(5/5)

Just fill in missing codes

For the integers x in the range x [ LB,UB ], find those x that can be expressed as the sum of one or more distinct squares and show the squares; count those x that cannot be expressed as the sum of one or more distinct squares; and distinguish each x as either prime or composite. For example, the results for integers in the range [ 1,30 ] are shown below in the “Sample Program Dialog”.

Notes

• 1 is neither prime nor composite, but can be expressed as the sum of exactly one distinct square, namely, 1 = 1^2

• 2 and 3 are prime numbers that cannot be expressed as the sum of one or more distinct squares (however 5, 13, 17, and 29 are prime numbers that can be expressed as the sum of one or more distinct squares)

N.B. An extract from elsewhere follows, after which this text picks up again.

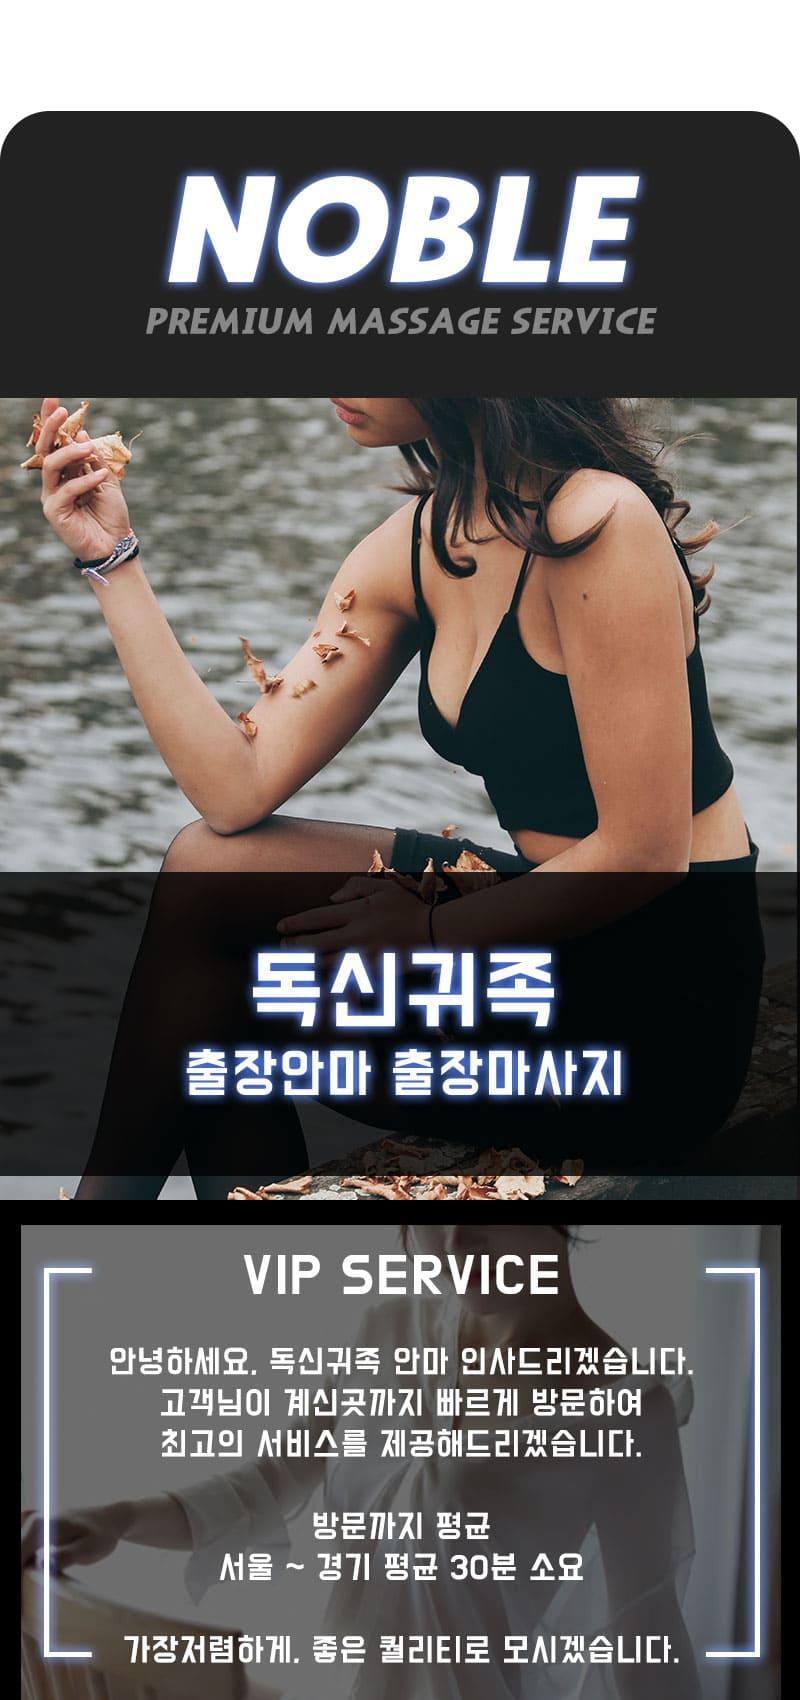 백석동출장안마 소개

• 6, 8, 12, 15, 18, 22, 24, 27, and 28 are composite numbers that cannot be expressed as the sum of one or more distinct squares

• 25, 26, 29, and 30 are composite numbers that can be expressed as the sum of one or more distinct squares and in more than one way!

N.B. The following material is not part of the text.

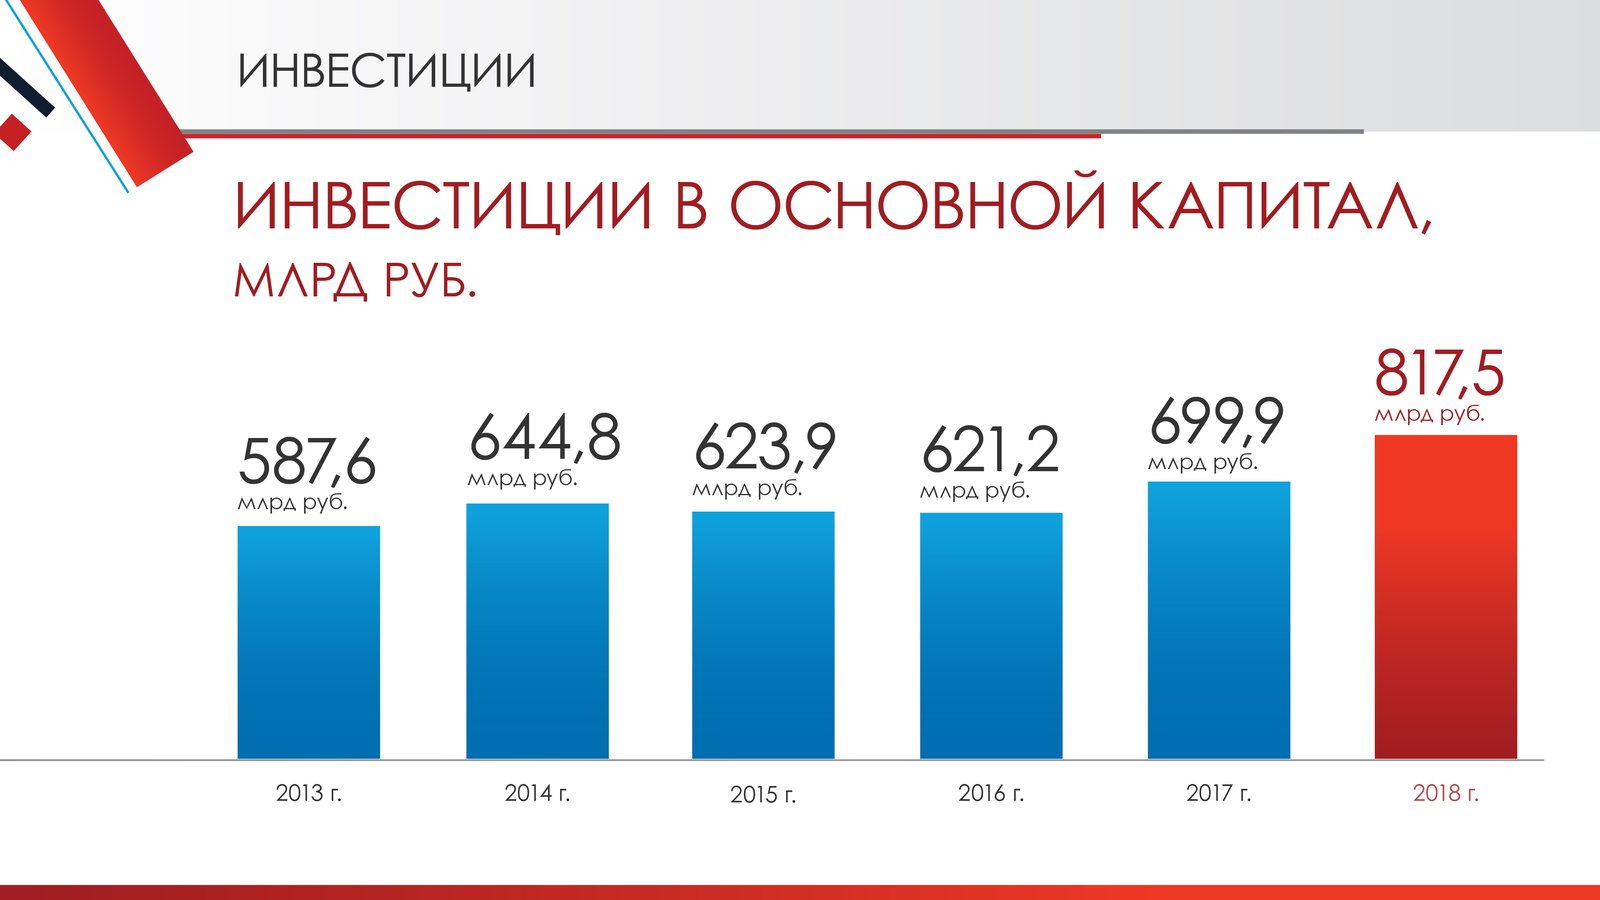 Андрей Воробьев губернатор московской области - Экономика: задачи на новую пятилетку

Unfortunately, the claim there are exactly 37 integers in [ 1,149 ] that cannot be expressed as the sum of one or more distinct squares is not true! Run your version of Problem48.c to prove that the claim is not true! So, then, how many integers and which integers in the range [ 1,149 ] cannot be expressed as the sum of one or more distinct squares?!

Sample Program Dialog

LB? 1

UB? 30

1 = 1^2

*** 1: 2 (prime)

*** 2: 3 (prime)

4 = 2^2

5 = 1^2 + 2^2 (prime)

*** 3: 6

*** 4: 7 (prime)

*** 5: 8

9 = 3^2

10 = 1^2 + 3^2

*** 6: 11 (prime)

*** 7: 12

13 = 2^2 + 3^2 (prime)

14 = 1^2 + 2^2 + 3^2

*** 8: 15

16 = 4^2

17 = 1^2 + 4^2 (prime)

*** 9: 18

***10: 19 (prime)

20 = 2^2 + 4^2

21 = 1^2 + 2^2 + 4^2

***11: 22

***12: 23 (prime)

***13: 24

25 = 5^2

25 = 3^2 + 4^2

26 = 1^2 + 5^2

26 = 1^2 + 3^2 + 4^2

***14: 27

***15: 28

29 = 2^2 + 5^2 (prime)

29 = 2^2 + 3^2 + 4^2

30 = 1^2 + 2^2 + 5^2

30 = 1^2 + 2^2 + 3^2 + 4^2

LB? ^Z

Press any key to continue . . .

Computational thinking questions.

1. Write a for-statement that allows the int-eger x to traverse every int-eger in the int-eger range

x [ LB,UB ].

2. What is the variable count counting?! Hint The maximum value of count is (UB-LB+1).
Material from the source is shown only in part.